First query execution¶
First of all, we need to prepare some table for query execution. For example, you can make a simple text-based table as follows:
$ mkdir /home/x/table1
$ cd /home/x/table1
$ cat > data.csv
1|abc|1.1|a
2|def|2.3|b
3|ghi|3.4|c
4|jkl|4.5|d
5|mno|5.6|e
<CTRL + D>
Apache Tajo™ provides a SQL shell which allows users to interactively submit SQL queries. In order to use this shell, please execute bin/tsql
$ $TAJO_HOME/bin/tsql
tajo>
In order to load the table we created above, we should think of a schema of the table. Here, we assume the schema as (int, text, float, text).
$ $TAJO_HOME/bin/tsql
tajo> create external table table1 (
id int,
name text,
score float,
type text)
using text with ('text.delimiter'='|') location 'file:/home/x/table1';
To load an external table, you need to use ‘create external table’ statement. In the location clause, you should use the absolute directory path with an appropriate scheme. If the table resides in HDFS, you should use ‘hdfs’ instead of ‘file’.

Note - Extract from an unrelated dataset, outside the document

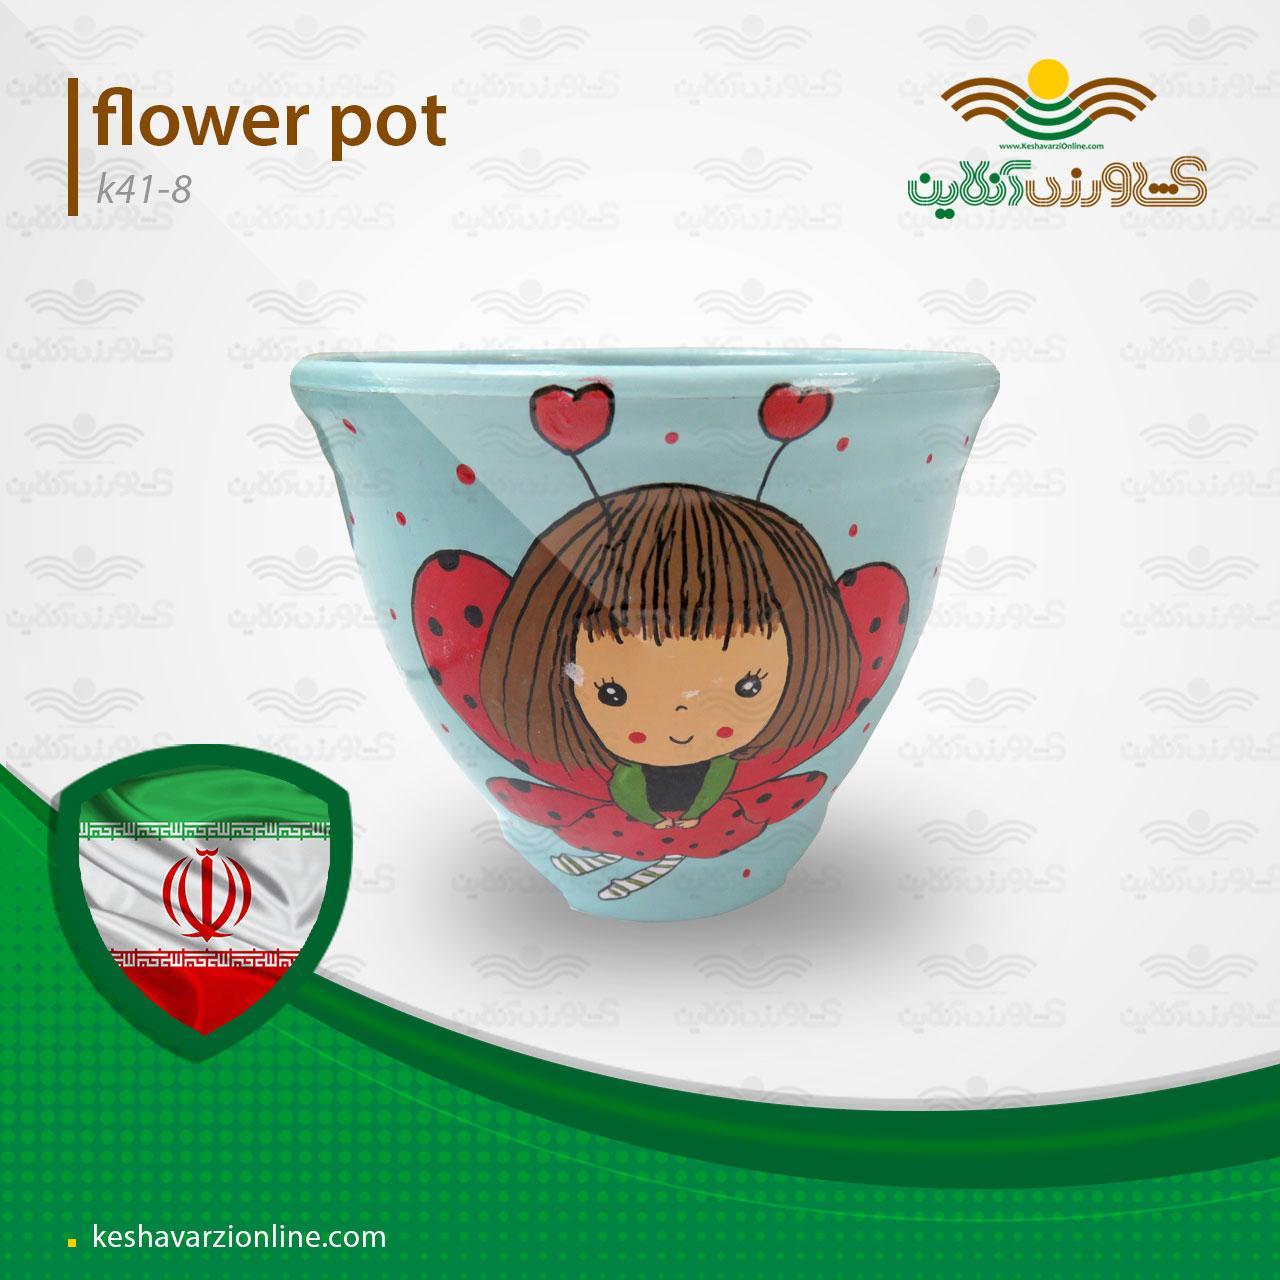 گلدان دکوری K41.8
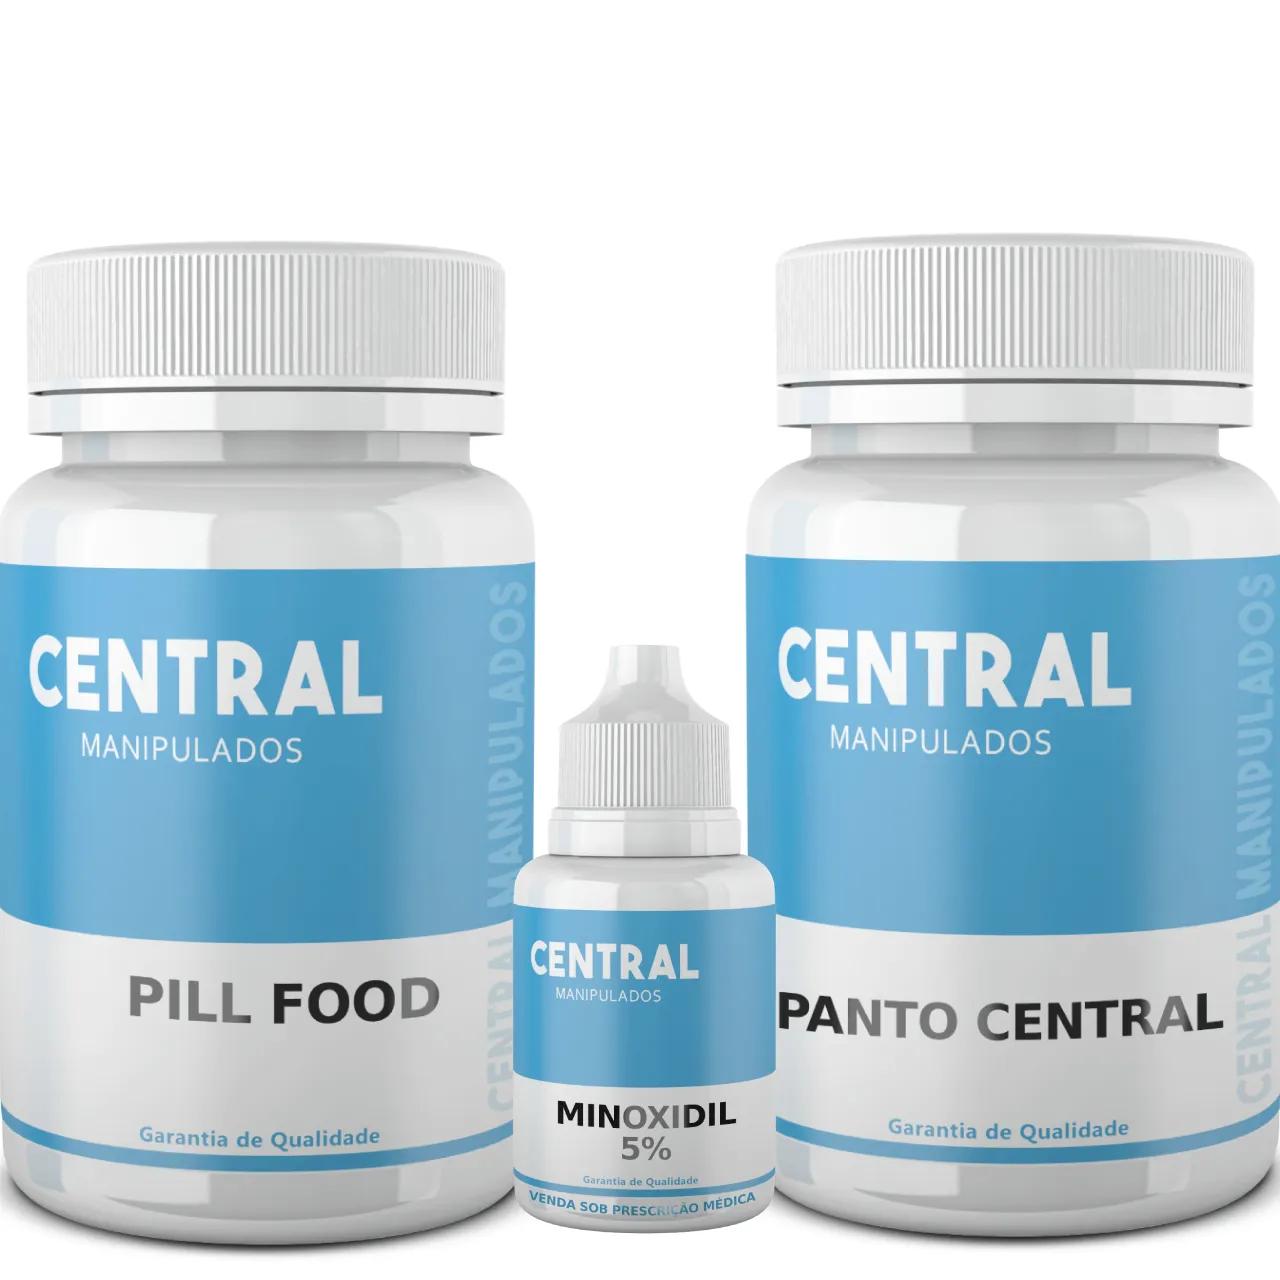 Pill Food 60 cápsulas + Minoxidil 5% 100ml Solução + PantoCentral 60 cápsulas

If you want to know DDL statements in more detail, please see Query Language.
tajo> \d
table1
``\d`` command shows the list of tables. ::
tajo> \d table1
table name: table1
table path: file:/home/x/table1
store type: TEXT
number of rows: 0
volume (bytes): 78 B
schema:
id INT
name TEXT
score FLOAT
type TEXT
\d [table name]
command shows the description of a given table.
Also, you can execute SQL queries as follows:
tajo> select * from table1 where id > 2;
final state: QUERY_SUCCEEDED, init time: 0.069 sec, response time: 0.397 sec
result: file:/tmp/tajo-hadoop/staging/q_1363768615503_0001_000001/RESULT, 3 rows ( 35B)
id, name, score, type
- - - - - - - - - - - - -
3, ghi, 3.4, c
4, jkl, 4.5, d
5, mno, 5.6, e
tajo> \q
bye
Feel free to enjoy Tajo with SQL standards. If you want to know more explanation for SQL supported by Tajo, please refer SQL Language.